Let’s do a quick review of comparison operators.

3 > 4
c(1, 2, 3, 4, 5) > 4
c(1, 2, 3, 4, 6) == 3

..

3 > 4
## [1] FALSE

..

c(1, 2, 3, 4, 5) > 4
## [1] FALSE FALSE FALSE FALSE  TRUE

..

c(1, 2, 3, 4, 6) == 3 
## [1] FALSE FALSE  TRUE FALSE FALSE

There are also a set of logical operators.

These include:

  • !
  • &
  • |

Let’s do a quick review of logical operators.

Example 1

We assign legal to the Boolean value TRUE and then use the logical not (!) operator to negate the variable legal which returns the value of FALSE.

legal<-TRUE

!legal
## [1] FALSE

Example 2

We assign customer to the Boolean value TRUE and over50 to the value FALSE. Then we use the logical and (&) operator to evaluate both variables. If both are TRUE, then result returned is TRUE. If one or none of the values are TRUE, then the result is FALSE.

customer <-TRUE
over50 <-FALSE

customer & over50
## [1] FALSE

##Example 3

Just in the previous example, we assign customer to the Boolean value TRUE and over50 to the value FALSE. Then we use the logical or (|) operator to evaluate both variables. If both are TRUE, then result returned is TRUE. If one is TRUE, then result returned is TRUE. If neither of the values are TRUE, then the result is FALSE.

customer <-TRUE
over50 <-FALSE
customer | over50
## [1] TRUE

##Conditional statements

  • A conditional statement evaluates a condition to see if it is TRUE. Conditional statements may make use of comparative and logical operators.
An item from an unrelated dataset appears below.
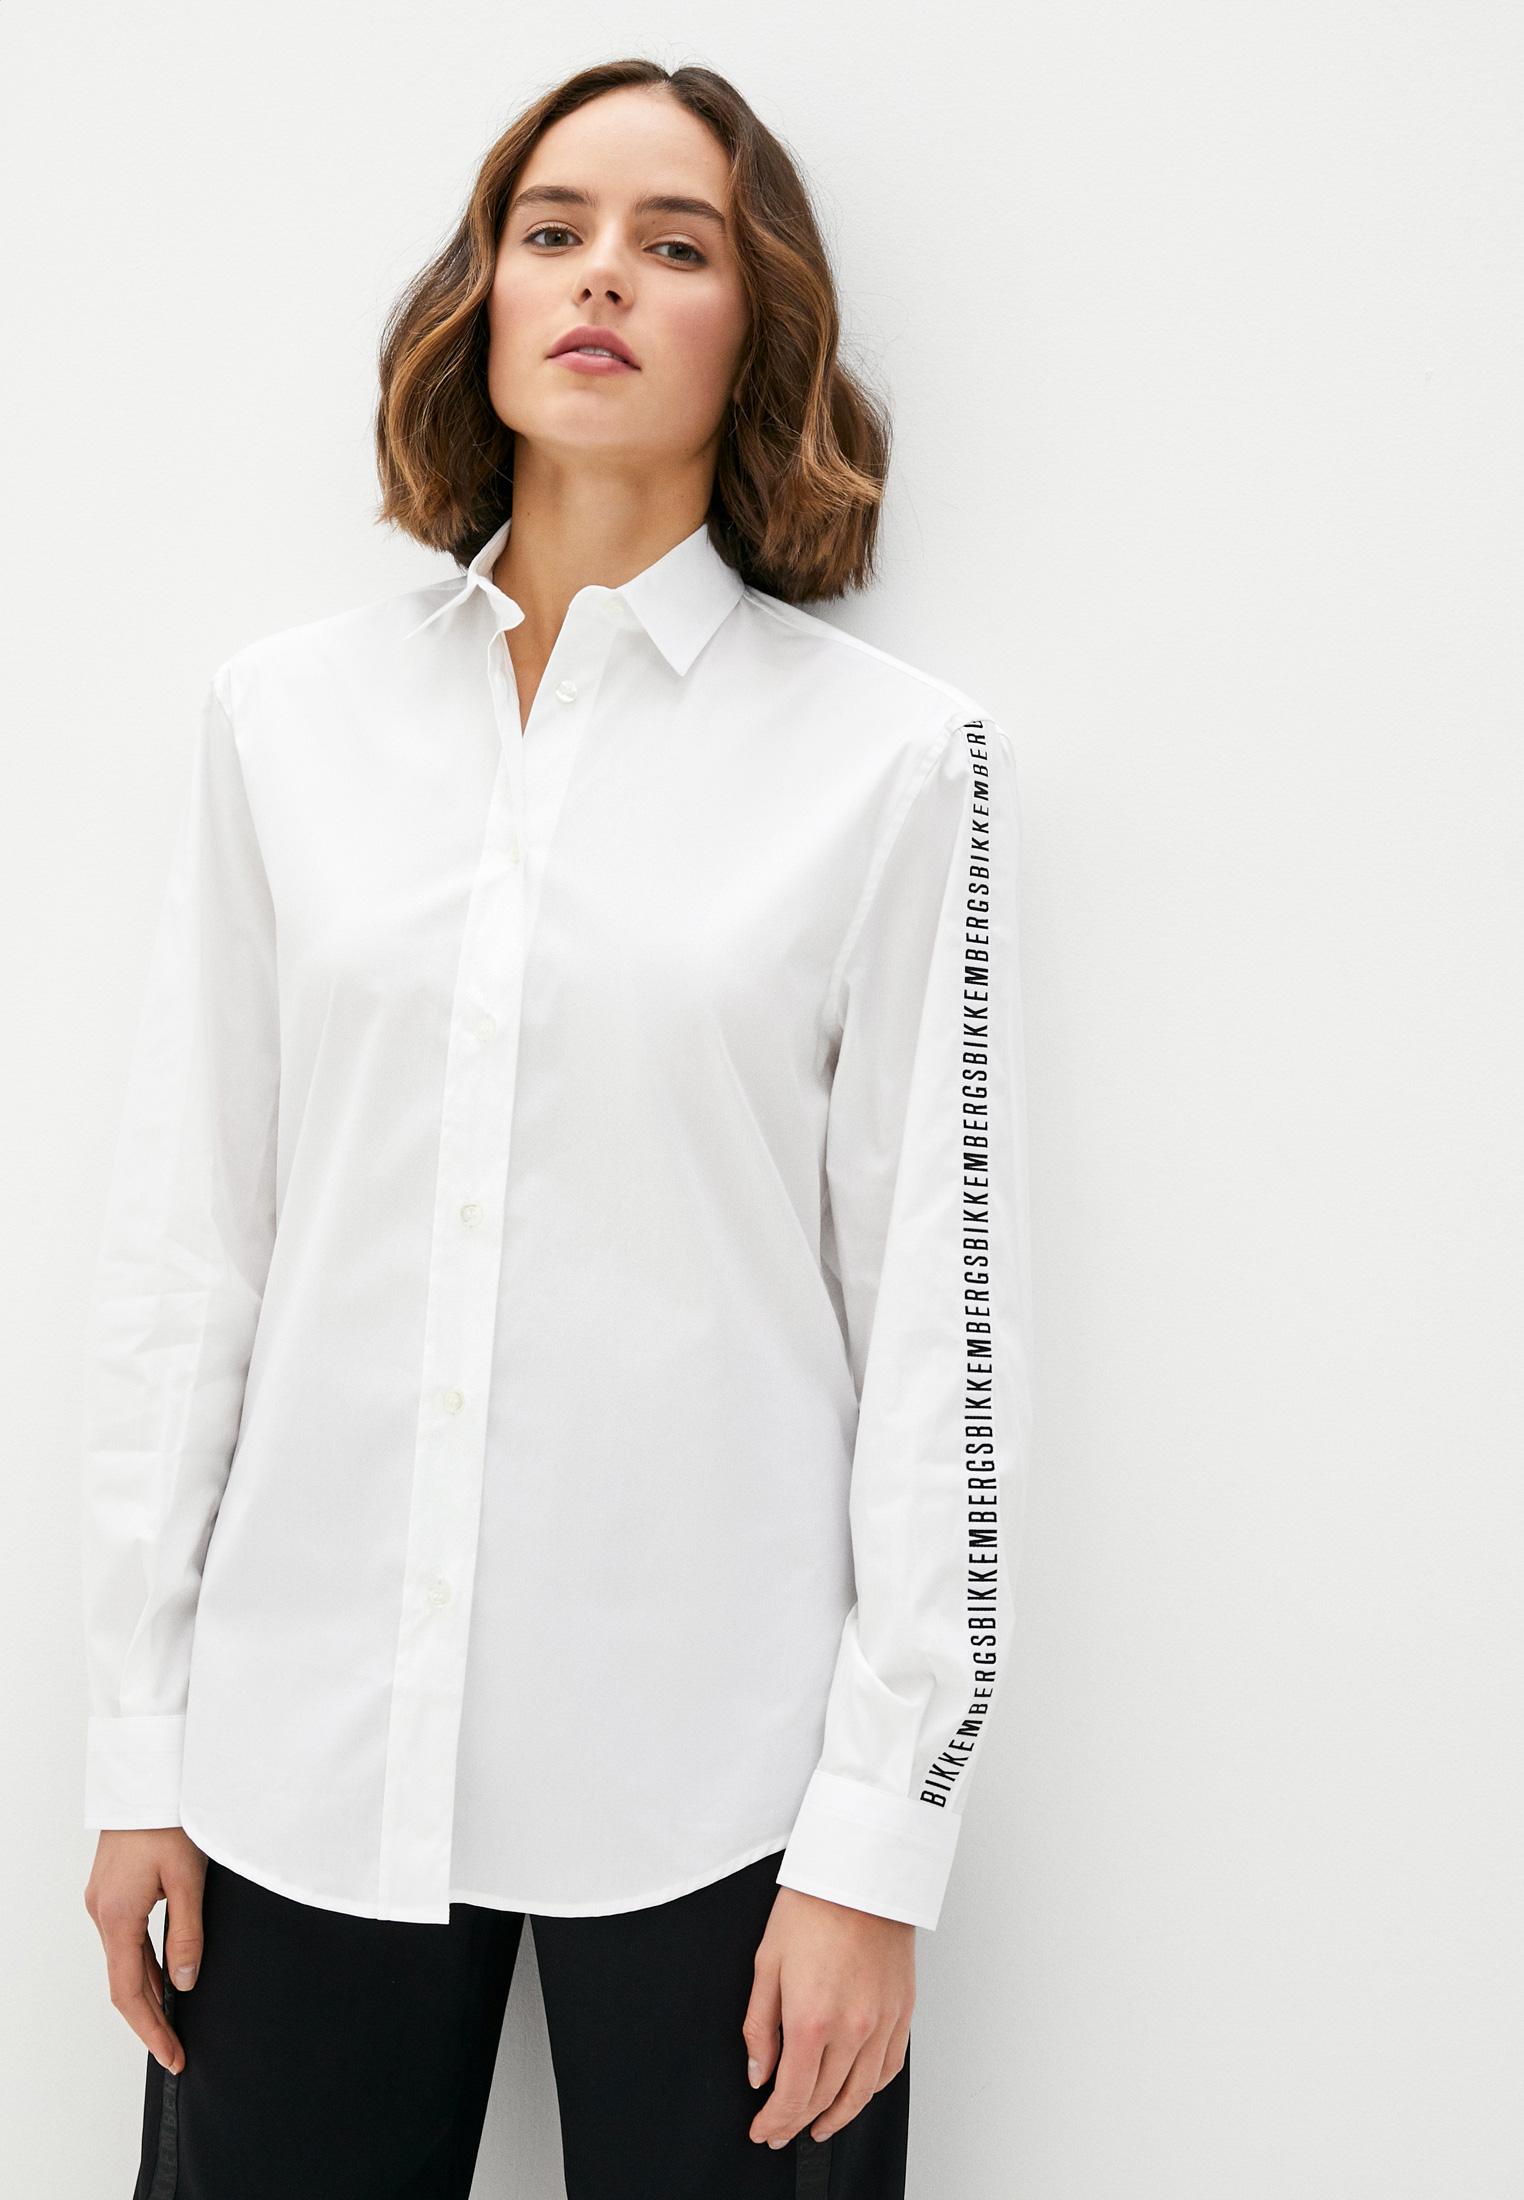 Женские рубашки с длинным рукавом Bikkembergs D C 033 81 S 2931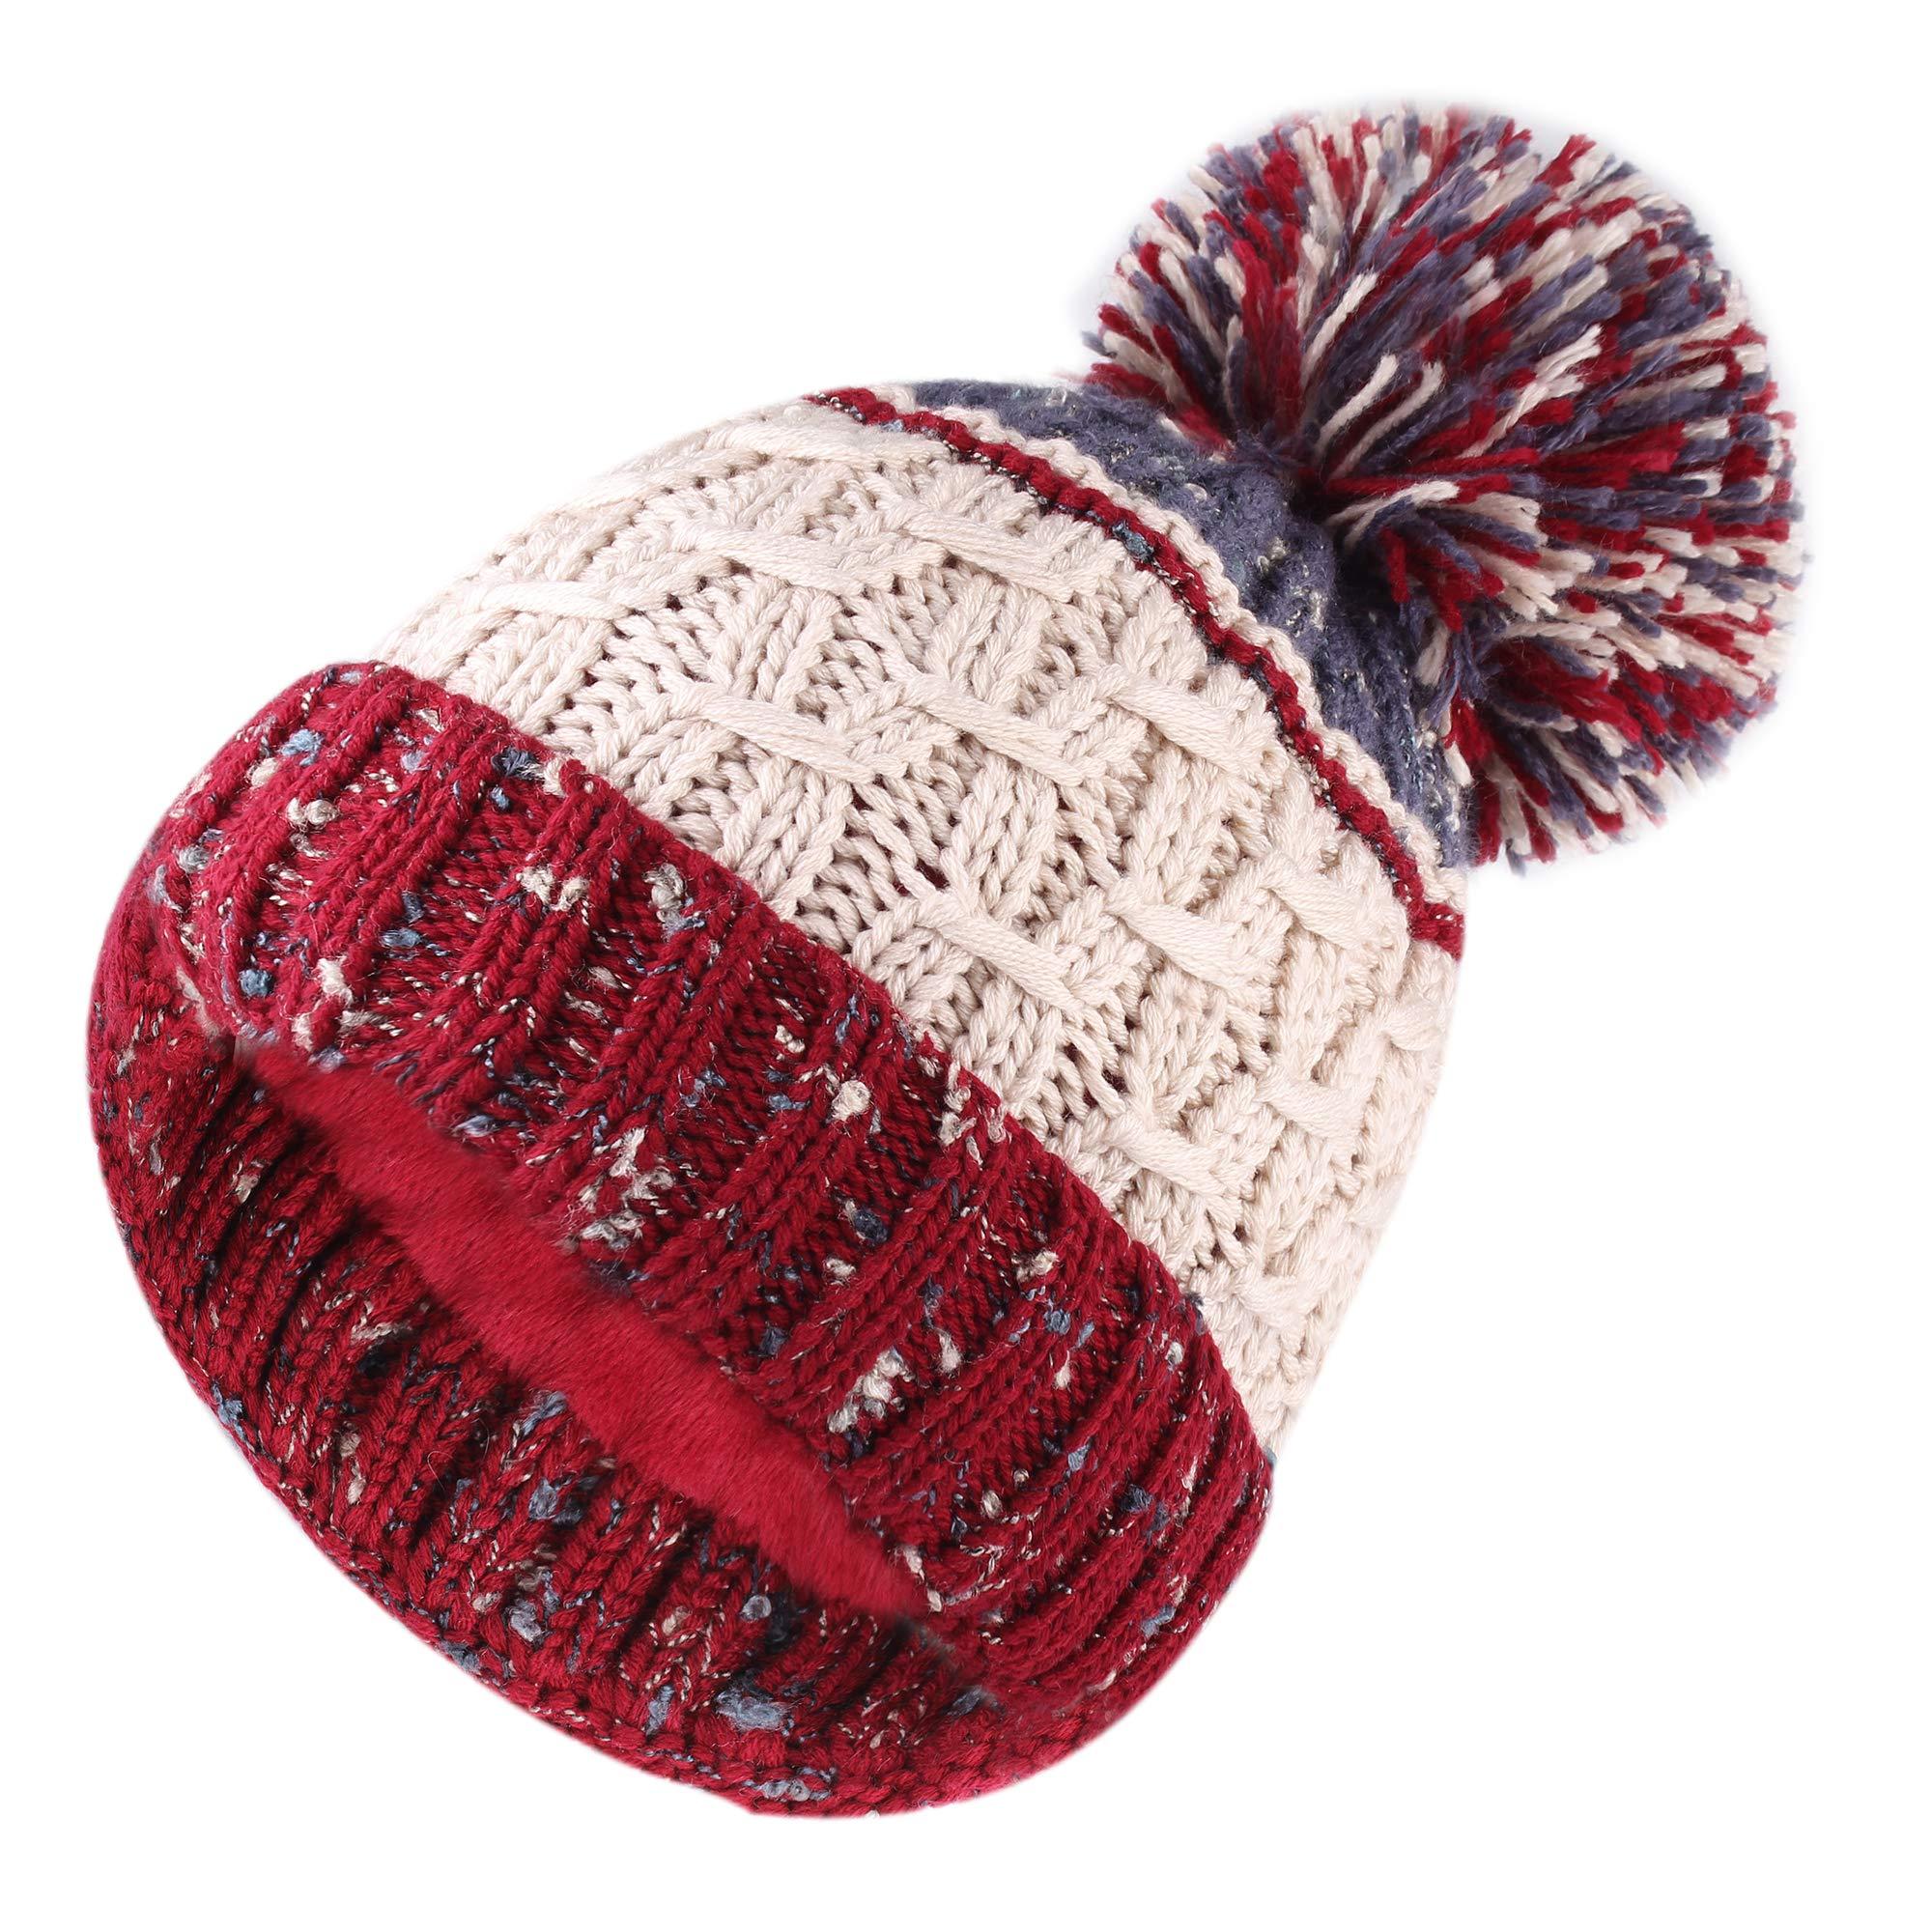 720d23cf14d FURTALK Winter Pom Poms Beanie Hat for Womens Girls Warm Lining Knit Ski Cap  Wine Red

  • A type of conditional statement used to evaluate if a condition is TRUE is called an if statement.

  • Let’s look at an example of the structure of an if statement:

  • The if is followed by a set of parentheses and inside is the condition being evaluated for truth. If it is true, then we may specify an action such as update a variable. If the condition is FALSE no action occurs.

..

Example 1

Let’s construct a real example that evaluates the value assigned to a variable price. The condition is price < 10. This condition will evaluate to FALSE. Therefore nothing is printed.

price <- 15.99
if (price < 10) {
  print("This is excellent deal!")
}

##Example 2.

Let’s change Example 1. We’ll change the value of price to 9.99. In this case, This is an excellent deal will be printed to the screen. In other words, the code between the opening and closing curly brackets will run.

price <- 9.99

if (price < 10) {
  print("This is excellent deal!")
}
## [1] "This is excellent deal!"

##Conditional statements using if/else logic

You can add on an else onto an if statement. If the test condition is not met, that is, it evaluates to FALSE, the else code will run.

The basic structure is:

if (test_expression) {
  statement1
} else {
  statement2
}

##Example 3

Let’s build on Ex. 1 where price is set to 15.99 and add an else statement. You’ll notice that the print statement following the if is ignored and the print statement within the else clause has run.

price <- 15.99
if (price < 10) {
  print("This is excellent deal!")
} else {
    print("This product is too expensive")
  }
## [1] "This product is too expensive"

..

Take note of the curly brackets in this example. The placement is important. The if and else both have an opening and closing brace. The else statement must appear on the same line as the closing if curly bracket.

##Nested if...else if statements

  • The nested if...else if statement allows you execute a block of code among more than 2 alternatives.

  • The syntax of if...else if statement is:

Example 4

Let’s modify Example 3

##Try it.

Test your program out by changing the value of price to ensure it evaluates the condition as you have planned.

R ifelse() function

The ifelse() functions a shorthand function to the traditional if…else statement.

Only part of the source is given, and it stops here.